--- Dataset content Enclosed Below ---

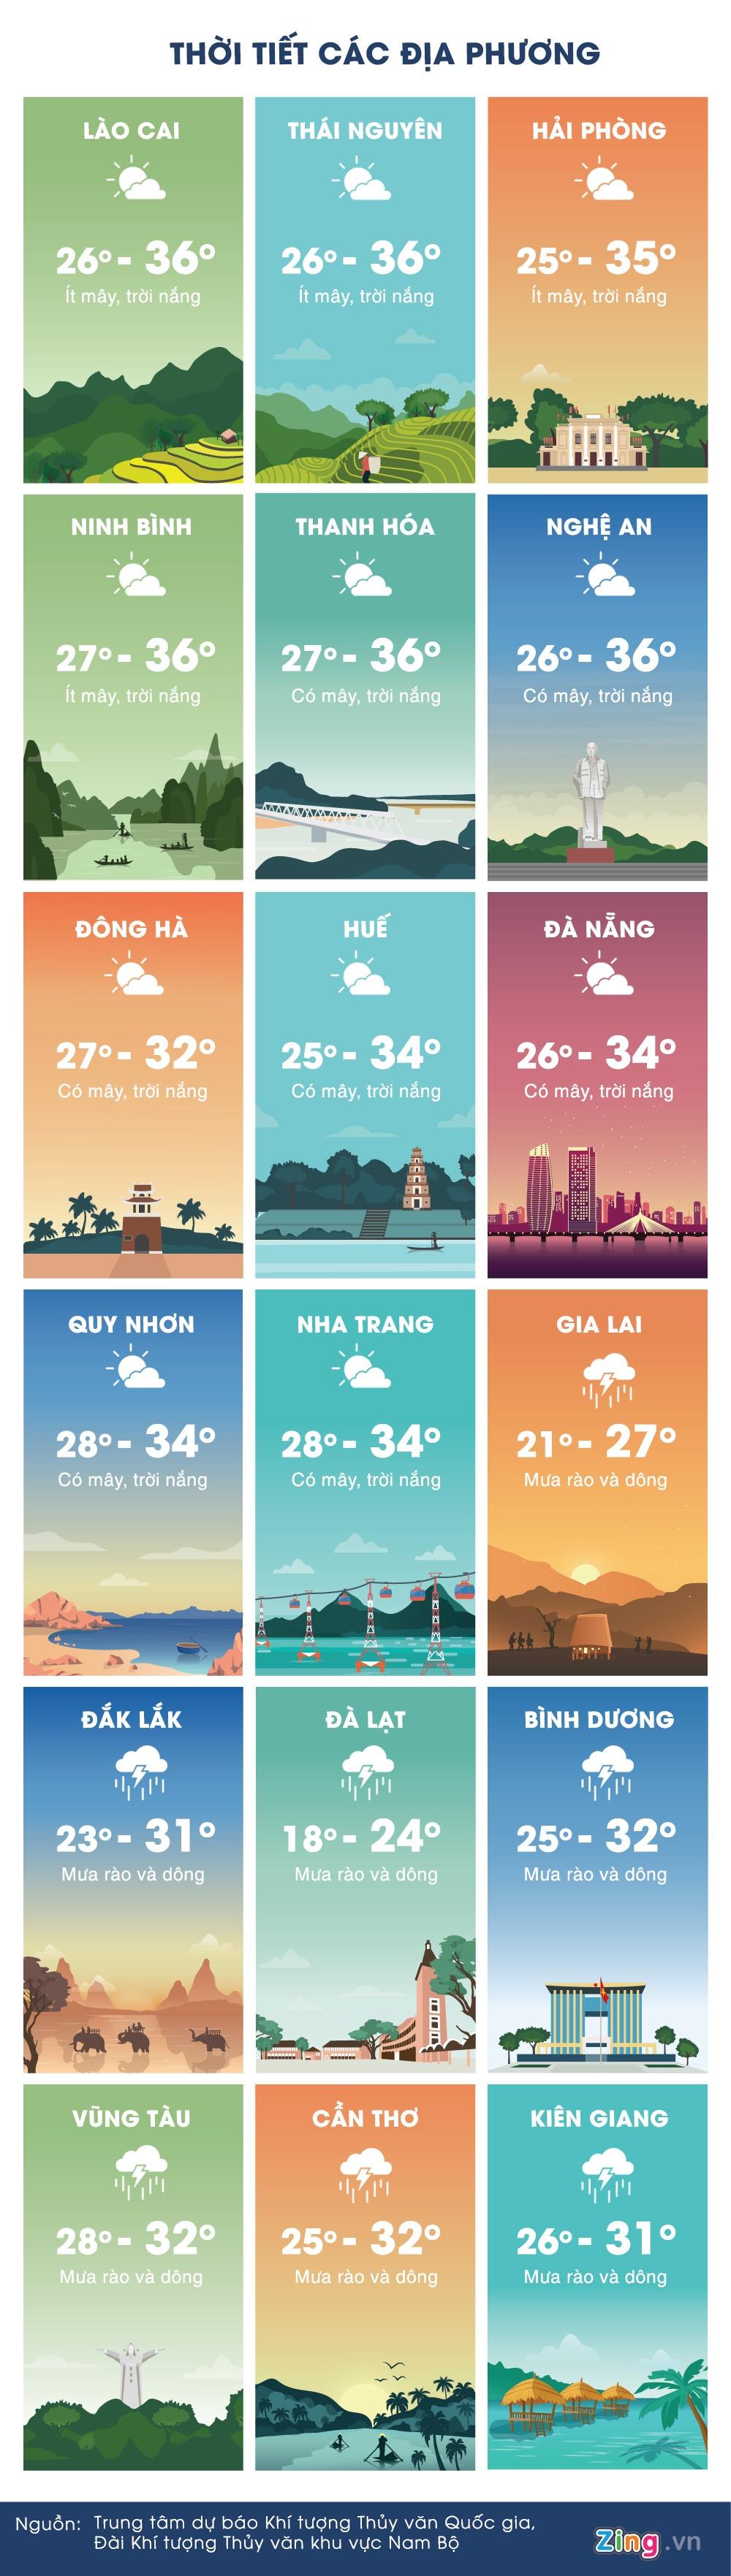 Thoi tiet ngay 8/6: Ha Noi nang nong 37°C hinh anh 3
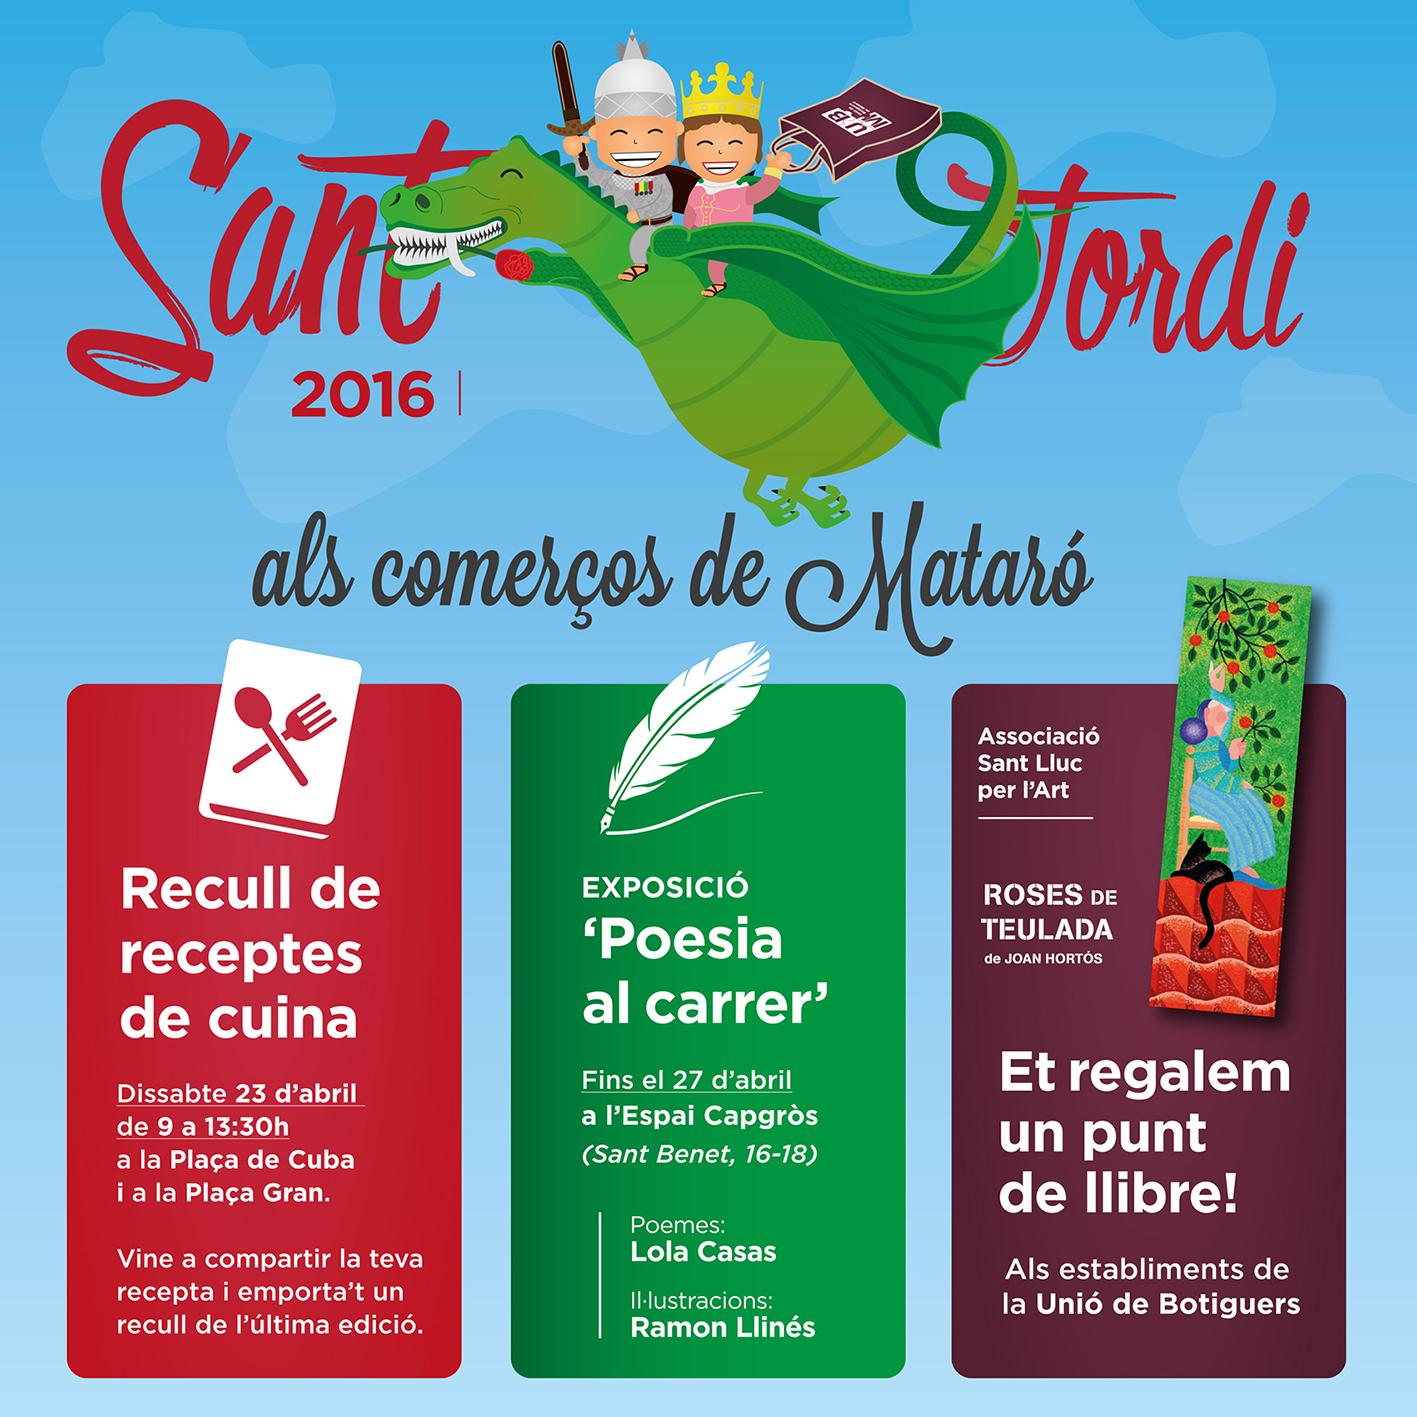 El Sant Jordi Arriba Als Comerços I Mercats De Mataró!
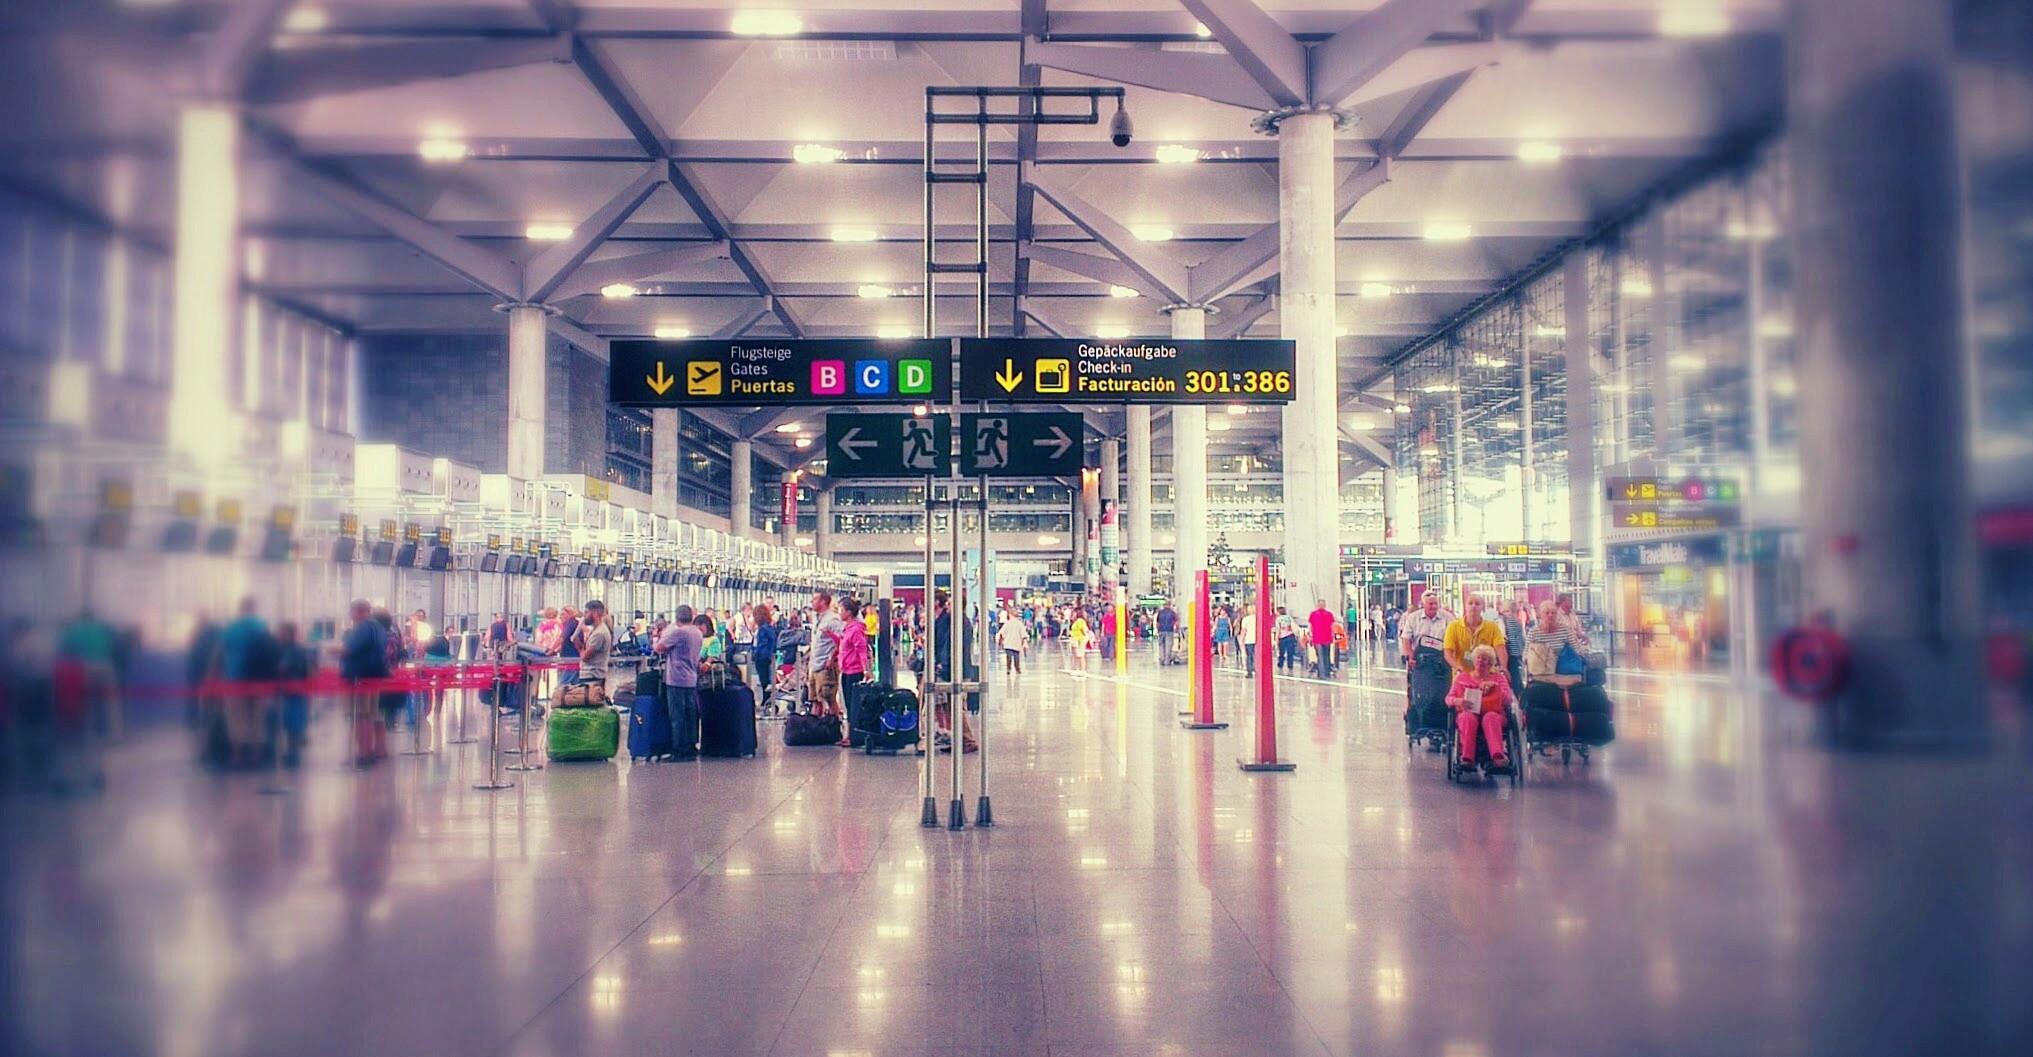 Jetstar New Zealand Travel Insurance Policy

--- End of Enclosed Dataset content ---

• **Directions**:
Copy out every line of the data exactly, leaving the images behind.

• **Your response**:
 Thoi tiet ngay 8/6: Ha Noi nang nong 37°C hinh anh 3
 El Sant Jordi Arriba Als Comerços I Mercats De Mataró!
 Jetstar New Zealand Travel Insurance Policy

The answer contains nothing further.